How To Fix a Ground Loop
Written by Don Schultz, trueCABLE Technical Manager, Fluke Networks Copper/Fiber CCTT, BICSI INST1, INSTC, INSTF Certified
Quite often I get questions about how to prevent a ground loop, or how to perform a ground loop fix when using Ethernet cable. It is great that people are reading Shielded vs Unshielded Cable. That is the starting point. Knowing you could run into this issue is half the battle. Fixing or avoiding it is the other half.
What I did not detail in that blog, however, was to show how to avoid a ground loop altogether. I promised I would do so, and here it is.
Take note this blog does not directly address the issue of lightning strikes, which represents the ultimate example of electrostatic discharge. Bonding and grounding in addition to lightning protection should all be considered when installing outdoor Ethernet cable. Please see When Lightning Strikes! Ethernet Data Cable and Lightning Protection for additional installation techniques. The two subjects can become interrelated!
What exactly is a ground loop?
Ground loops may occur when you are running shielded Ethernet cable in the following scenarios:
- The shielded run is between two buildings that are on their own AC mains (meters), or have two or more different sub panels that are separately earth grounded.
- A commercial building has multiple points of ground, but the multiple grounds are not equalized together. This is a defect within the AC ground system, technically. A ground loop occurs when an Ethernet cable has been bonded to these disparate grounds by an unsuspecting low voltage installer.
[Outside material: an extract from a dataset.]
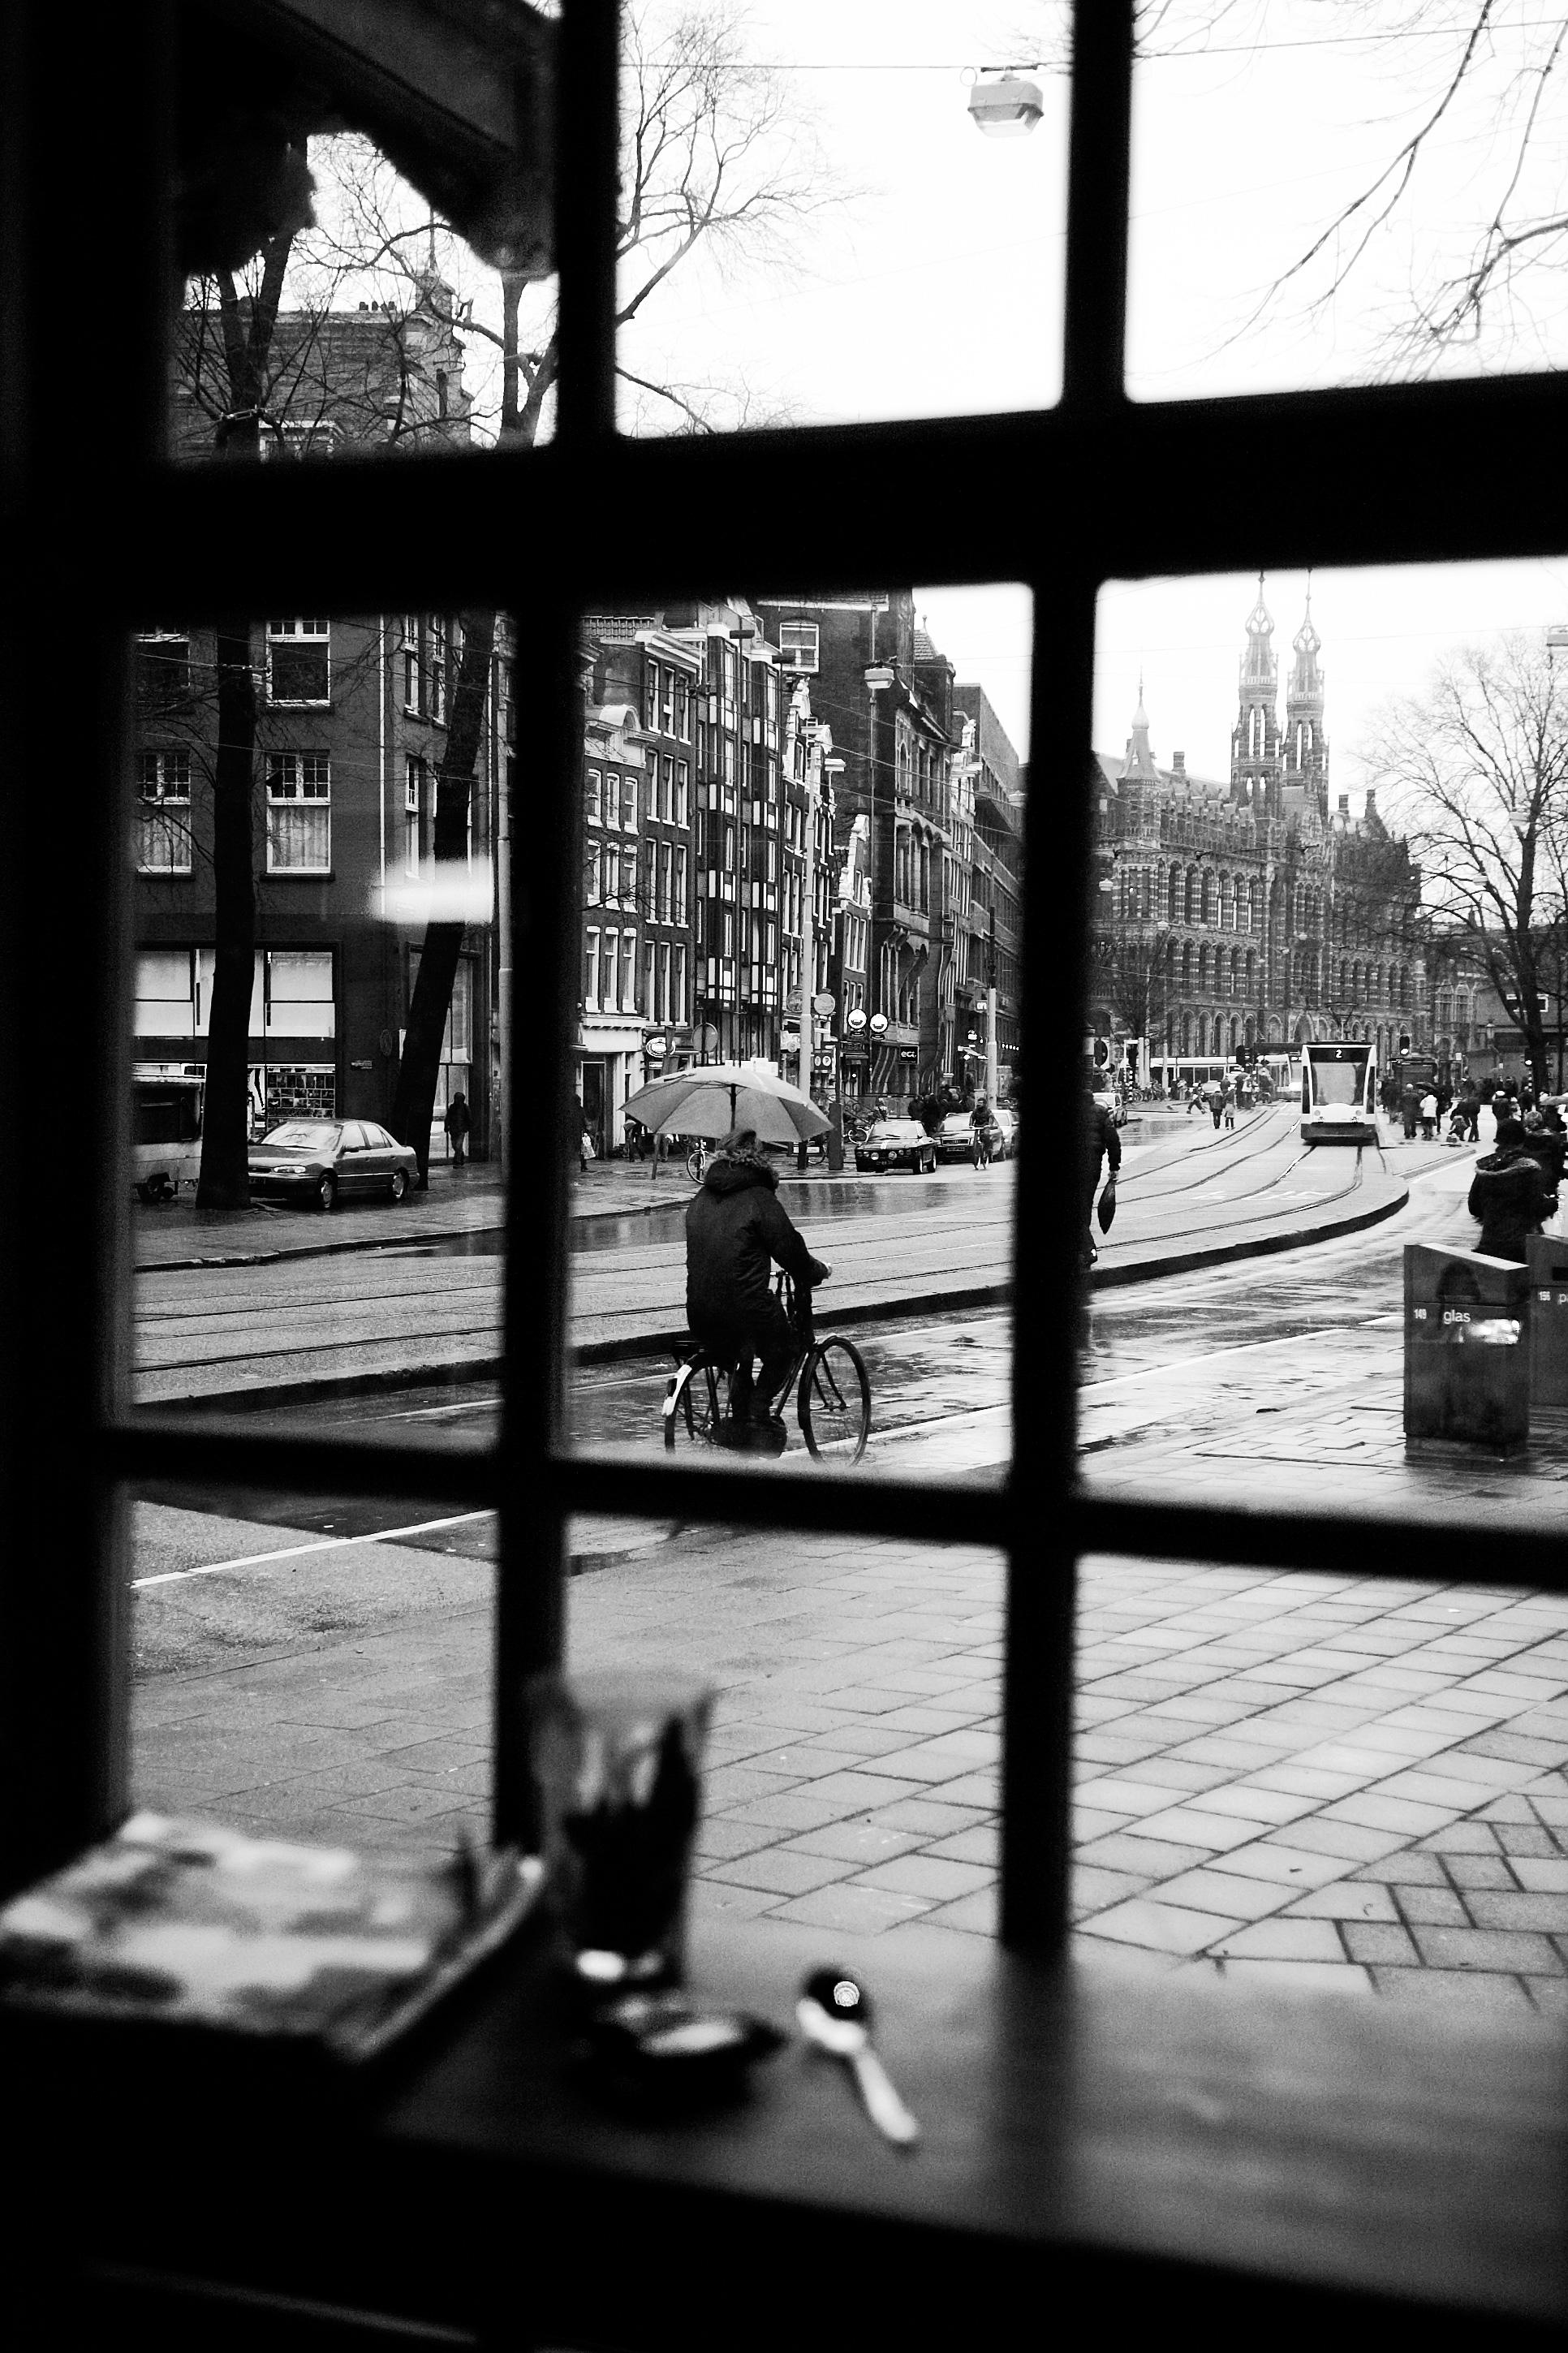 Saturday Afternoon, Amsterdam

A great example is bonding to building structural steel and also to metallic conduit and then to the actual AC ground system, which is normally a great idea unless all of those bond points are not equalized together into one cohesive system.
- The shielded run goes directly to a device which is grounded separately from the source. Grounding of the shield at the remote device cannot be avoided.
- The home installer is likely to run into the first scenario, such as running an Ethernet cable to an outbuilding (detached garage, for example) that is not equalized to the original structure (house). Professional installers are likely to run into all three of these scenarios, or various subtypes of them.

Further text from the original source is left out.